For the records below, print the lines from the line with "AFFiNE - 支持" through the line with "Vintage Carhartt Sweatshirt (L)" exactly as written; include both end lines and exclude the rest.

• EXTRACTED INFORMATION:
= Beginning of Section =

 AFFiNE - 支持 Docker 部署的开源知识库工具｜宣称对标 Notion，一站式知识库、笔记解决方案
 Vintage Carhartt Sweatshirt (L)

= End of Section =
= Beginning of Section =

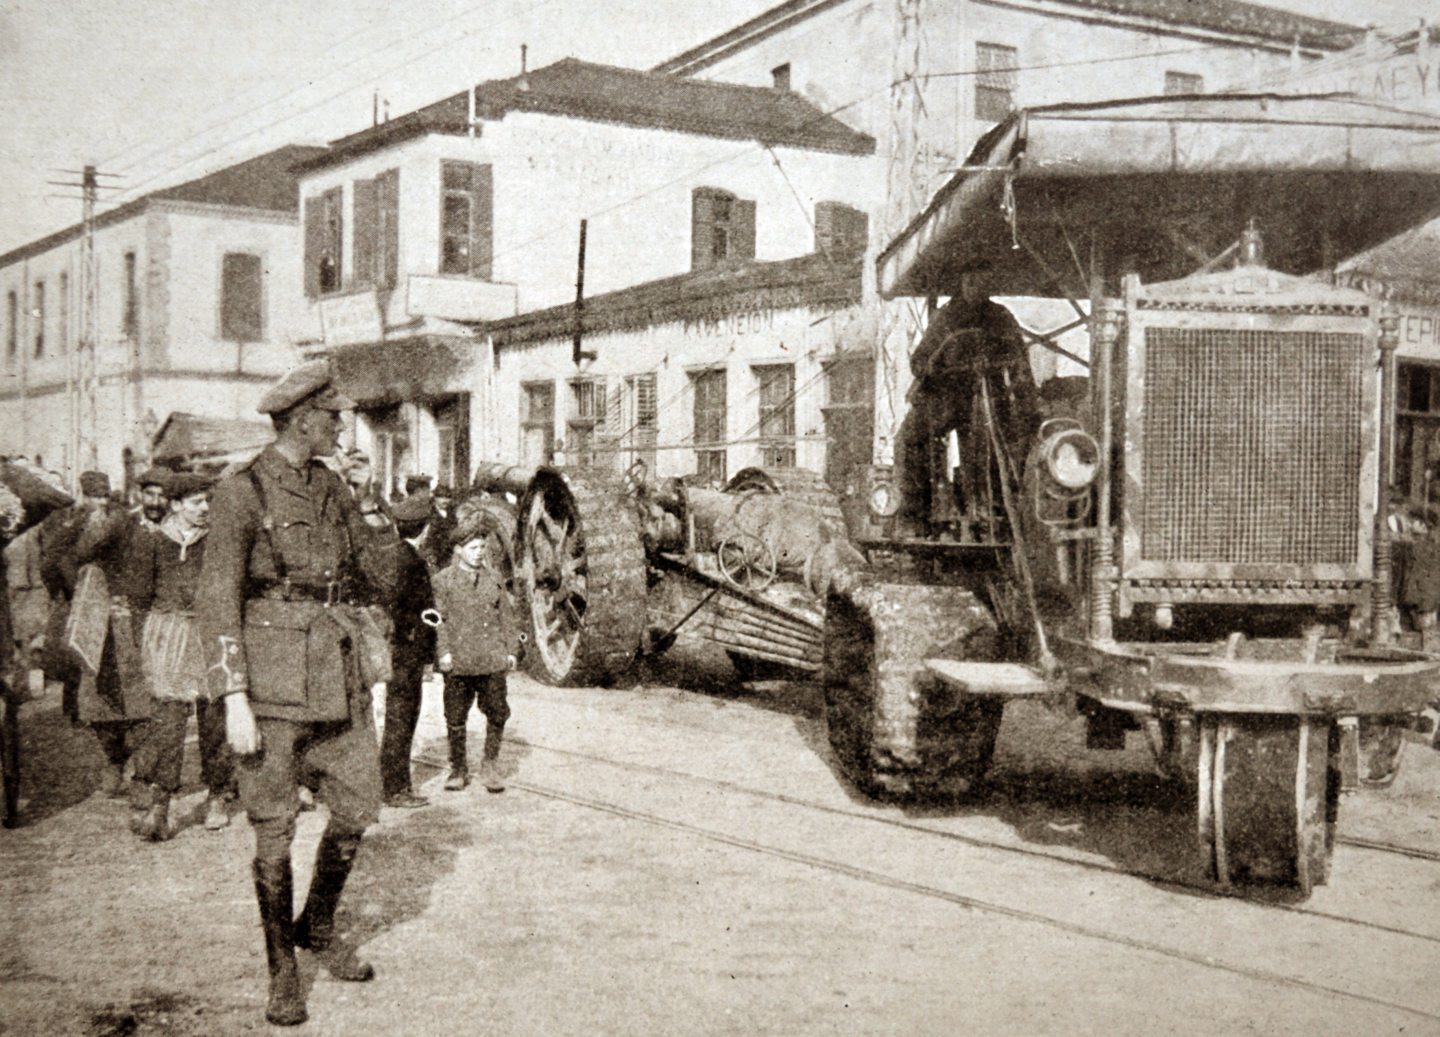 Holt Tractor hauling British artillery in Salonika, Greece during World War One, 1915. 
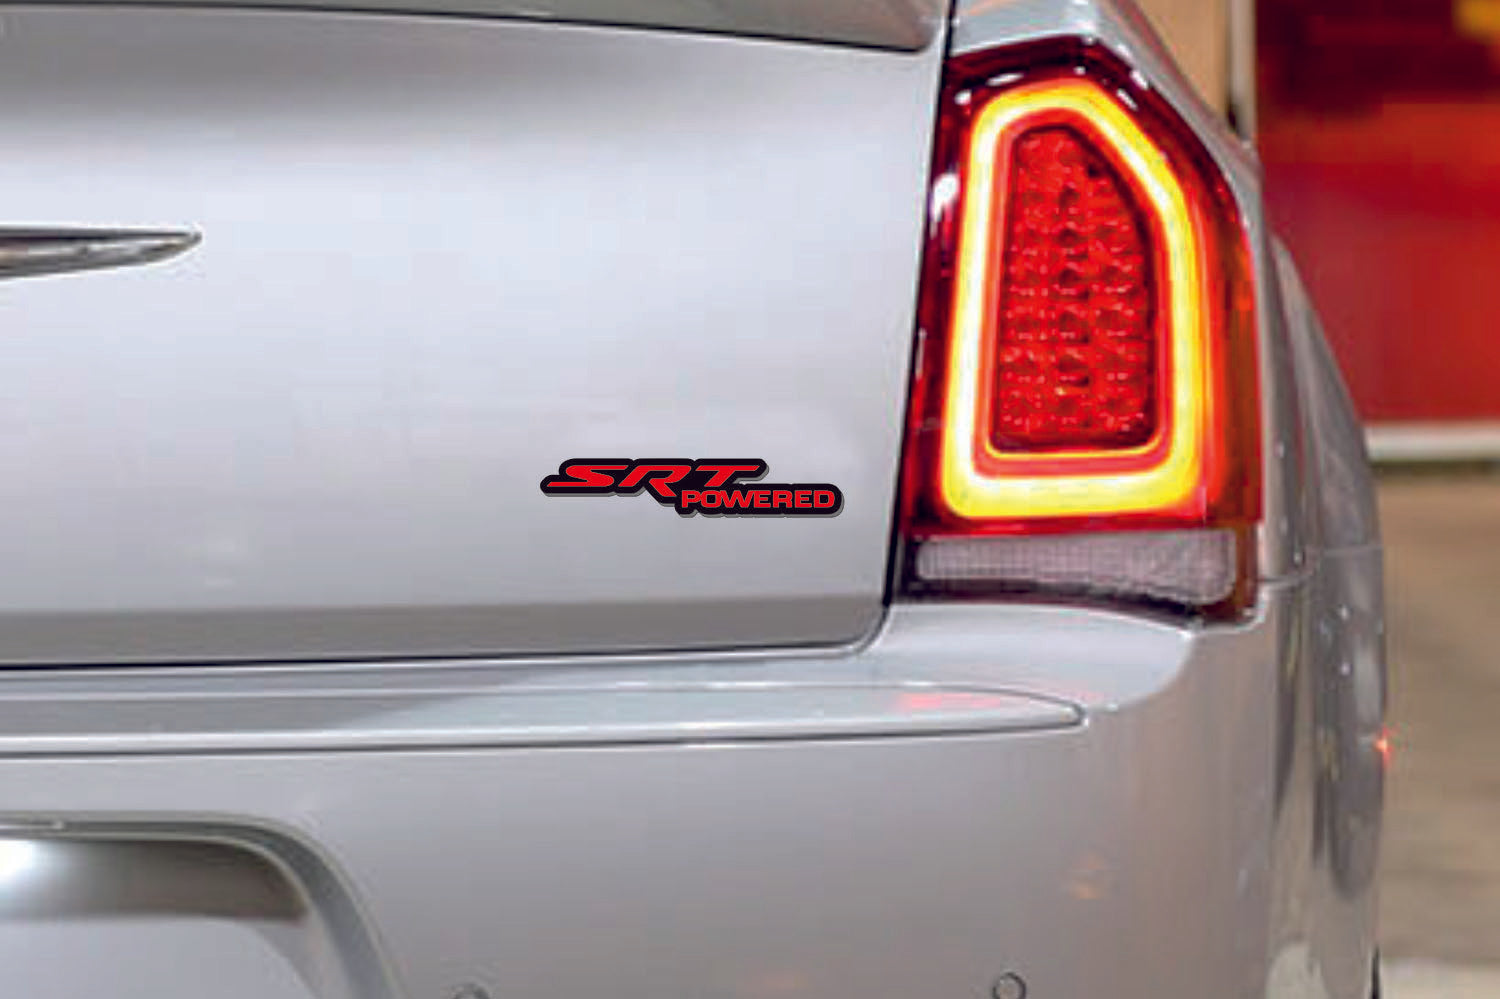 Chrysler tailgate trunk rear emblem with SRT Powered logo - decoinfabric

= End of Section =

• SOLUTION TO THIS EXERCISE:
 AFFiNE - 支持 Docker 部署的开源知识库工具｜宣称对标 Notion，一站式知识库、笔记解决方案
 Vintage Carhartt Sweatshirt (L)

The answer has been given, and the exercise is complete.